Funny, the Goldbach Conjecture is the first problem listed here. Seems like a fun problem to explore in one's free time.

Thou mewling ill-breeding pignut!

Ronald M Martin

Lots of effort has been spent on this problem by many people over a very long time. Look for it on Wikipedia to get an idea of how difficult a problem it is and how much computer time has been devoted to checking the conjecture over a very large range of numbers.

AspDotNetDev

Oh I'm sure that's true. While it would be fun to explore the problem, I suspect it is all but impossible to solve. :)

Thou mewling ill-breeding pignut!

jsc42

AspDotNetDev wrote:

I saw it on some nature show when I was younger

It would be more amazing if you'd been using it after seeing it when you were older. It is implicit that you were younger than you are now when you saw it. I've been using the word for years - I cannot recall if I saw it anywhere or if I made it up as a self describing word.
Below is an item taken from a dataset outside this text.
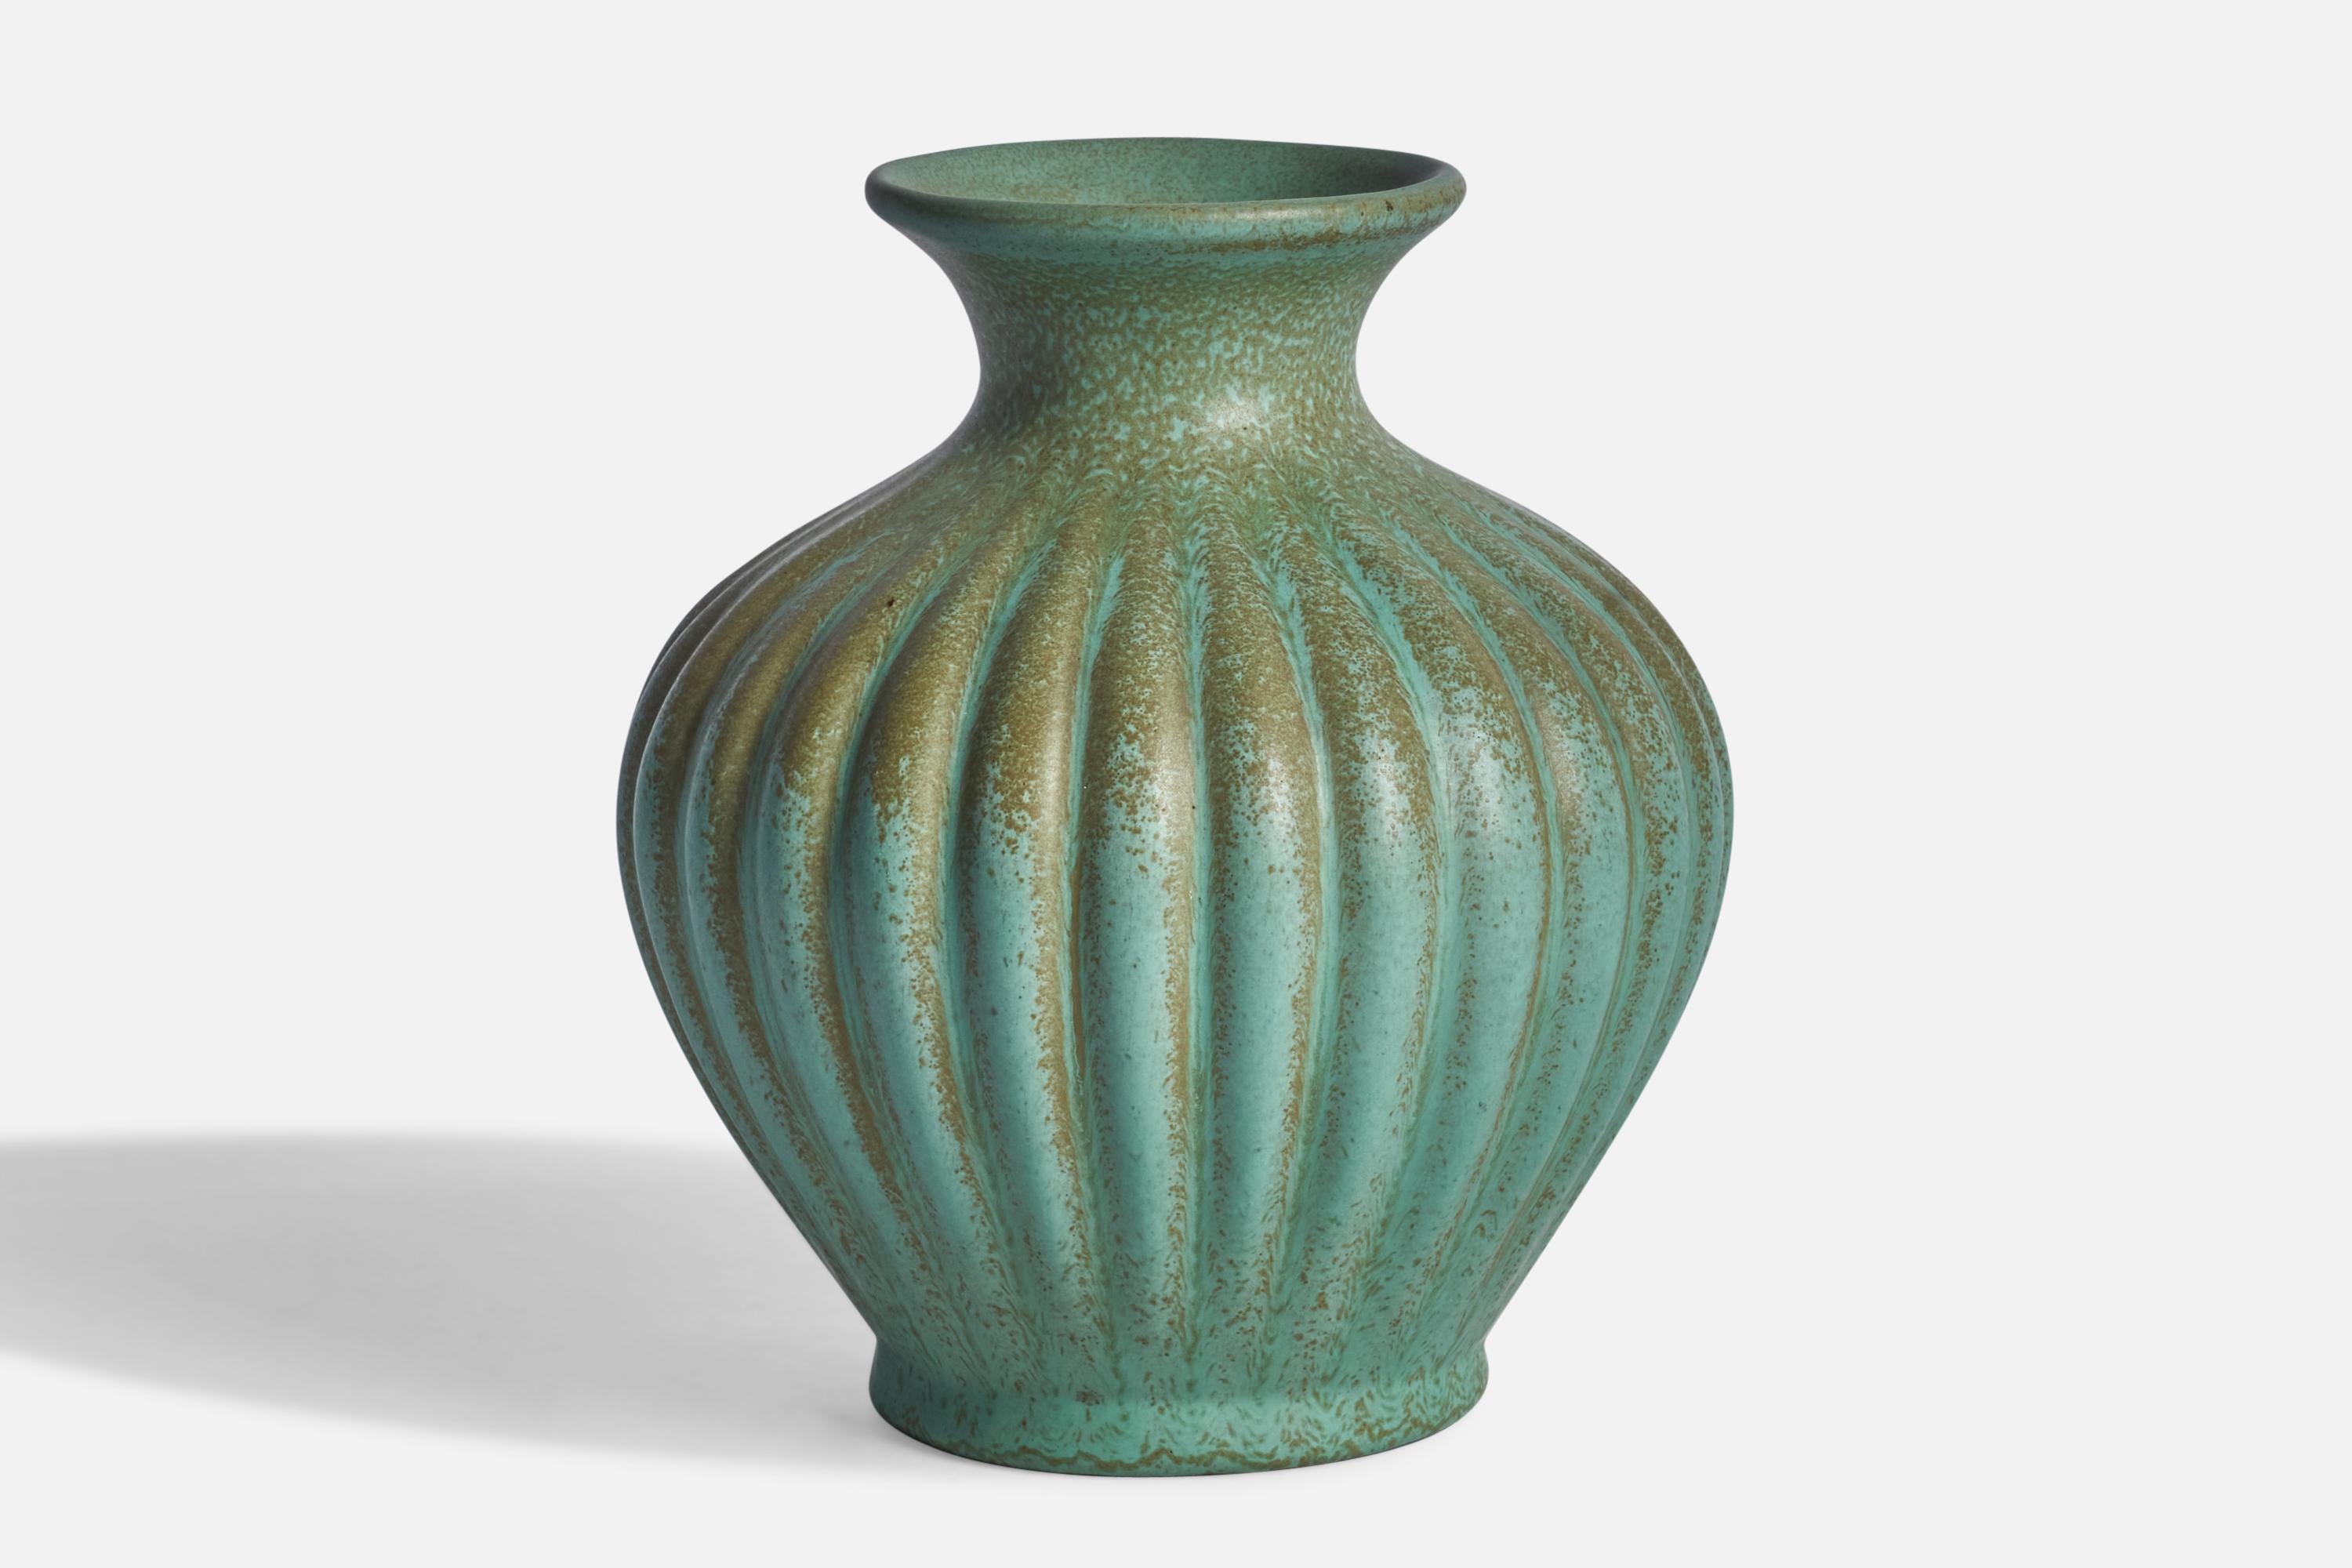 A green-glazed fluted earthenware vase designed by Ewald Dahlskog and produced by Bo Fajans, Sweden, c. 1930s.
“SMARAGD” stamp on bottom

There is a word for self describing words but I cannot recall what it is (it isn't onomatopoeia - that's words that sound like what they represent) and there is an antonym for words that describe their opposites (e.g. fat is a very thin word). Some CPian took this to another level (I forget who) with a self describing acronym in their signature block: "I have CDO - it's like OCD but arranged alphabetically" Thanks to whoever can tell me what the word for self describing words in and what its antonym is. Thanks too to AspDotNetDev for the challenge - the large no of responses shows that you hit a hot spot.

jsc42

I had a recent project that required a progress / status bar to be displayed but there was a restriction that there could only be zero, one or two images and the system that displayed them could only show them at their real width (no scaling). The progress bar had to work for all values from 0 to 100. The simplest solution was to create 101 icons (one for each possible value) but I wanted to minimise the pool of icons (as I had to create them and there were four different colours so 101 would instantly grow to 404). Starting with Goldbach's Conjecture, I discovered that the only numbers that I couldn't create as the sum of two primes in the range 1 to 100 were 27, 51, 57, 65, 77 and 95. (This is consistent with Goldbach's Conjecture as these are all odd numbers and any odd number can be represented as an even number + 1 and it is even numbers that his conjecture say can be the sum of only two primes). The answer was to cheat and invent a new type of number! I've called it a pseudo prime number. The following is a quote from the actual source code comments:

REM {
The relative proportions are shown as a series of adjacent icons. A column can contain a maximum
of 10 icons. As the left and right ends of the image are icons, this leaves a maximum of 8 icons for
the values to be displayed. As there are (up to) four coloured bars per icon, each colour can be
represented as either a single icon or two adjacent icons (4 * 2 = 8).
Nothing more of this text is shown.